Saving artifacts to ../data/cache/...
Saved enriched dataset: ../data/cache\enriched_dataset.pkl (11.7 MB)
Saved FAISS index: ../data/cache\icd10_index.faiss (106.6 MB)
Saved metadata: ../data/cache\metadata.json

ALL ARTIFACTS SAVED SUCCESSFULLY!

Total artifacts size: 118.3 MB

You can now start the FastAPI server with:
  uvicorn app.main:app --reload


  'created_at': datetime.utcnow().isoformat(),


## 9. Verification

Verify that artifacts can be loaded correctly.

In [13]:
print("Verifying artifacts...")

# Load enriched dataset
df_loaded = pd.read_pickle(pkl_path)
print(f"Loaded dataset: {len(df_loaded)} rows")

# Load FAISS index
index_loaded = faiss.read_index(index_path)
print(f"Loaded FAISS index: {index_loaded.ntotal} vectors")

# Load metadata
with open(meta_path, 'r') as f:
    metadata_loaded = json.load(f)
print(f"Loaded metadata: version {metadata_loaded['version']}")

# Test search
query = "diabetes with foot ulcer"
query_embedding = model.encode([query])
distances, indices = index_loaded.search(query_embedding.astype('float32'), k=3)

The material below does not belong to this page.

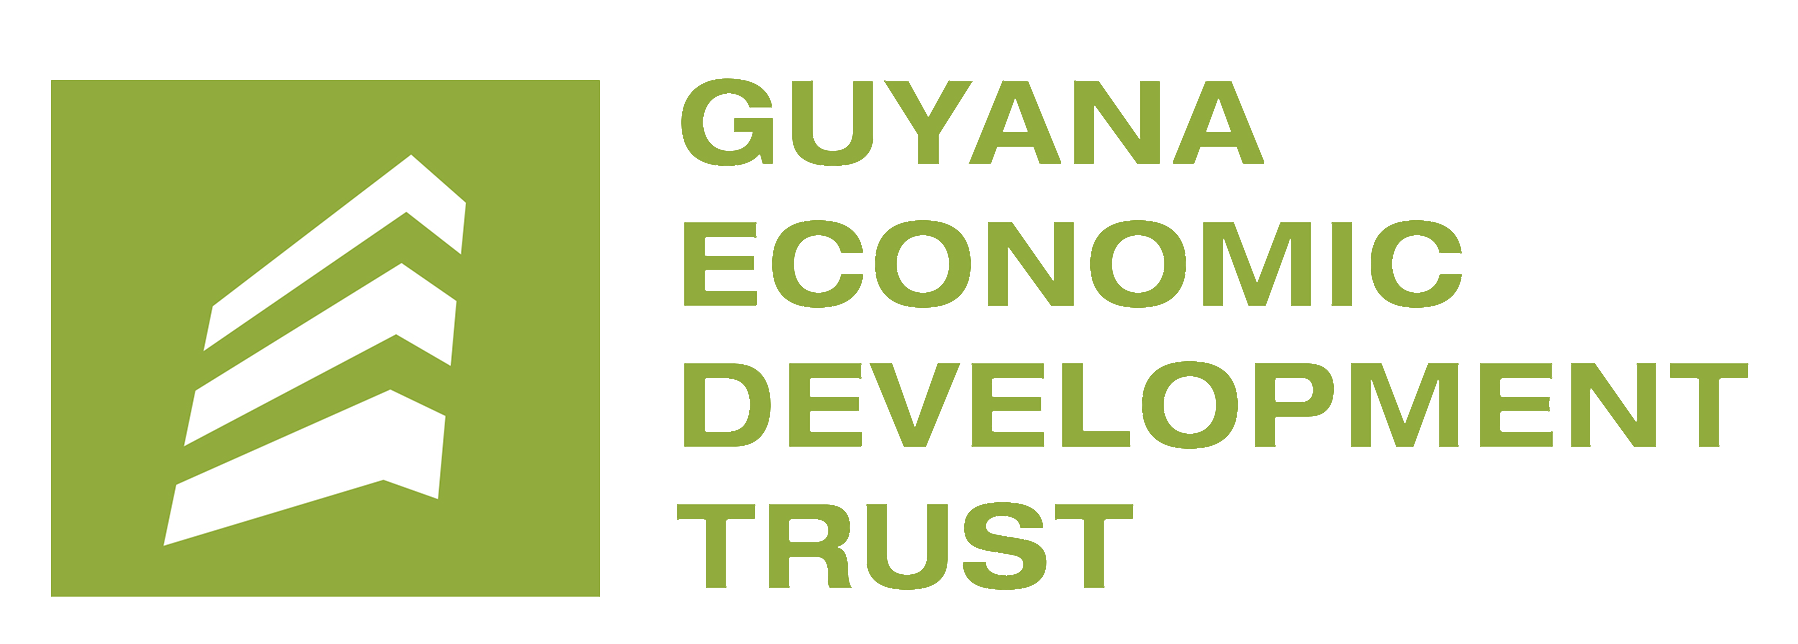 Guyana Economic Development Trust

print(f"\nTest search for: '{query}'")
for i, (dist, idx) in enumerate(zip(distances[0], indices[0])):
    row = df_loaded.iloc[idx]
    print(f"\n{i+1}. Code: {row['code']}")
    print(f"   Description: {row['description']}")
    print(f"   Chapter: {row['chapter']}")
    print(f"   Distance: {dist:.4f}")

print("\n" + "="*60)
print("VERIFICATION COMPLETE!")
print("All artifacts are working correctly.")
print("="*60)

Verifying artifacts...
Loaded dataset: 72750 rows
Loaded FAISS index: 72750 vectors
Loaded metadata: version 1.0

Test search for: 'diabetes with foot ulcer'

1. Code: E13621
   Description: Other specified diabetes mellitus with foot ulcer
   Chapter: IV. Endocrine, nutritional and metabolic diseases
   Distance: 0.0933

2. Code: E08621
   Description: Diabetes mellitus due to underlying condition with foot ulcer
   Chapter: IV. Endocrine, nutritional and metabolic diseases
   Distance: 0.0977

3. Code: E11621
   Description: Type 2 diabetes mellitus with foot ulcer
   Chapter: IV. Endocrine, nutritional and metabolic diseases
   Distance: 0.1556

VERIFICATION COMPLETE!
All artifacts are working correctly.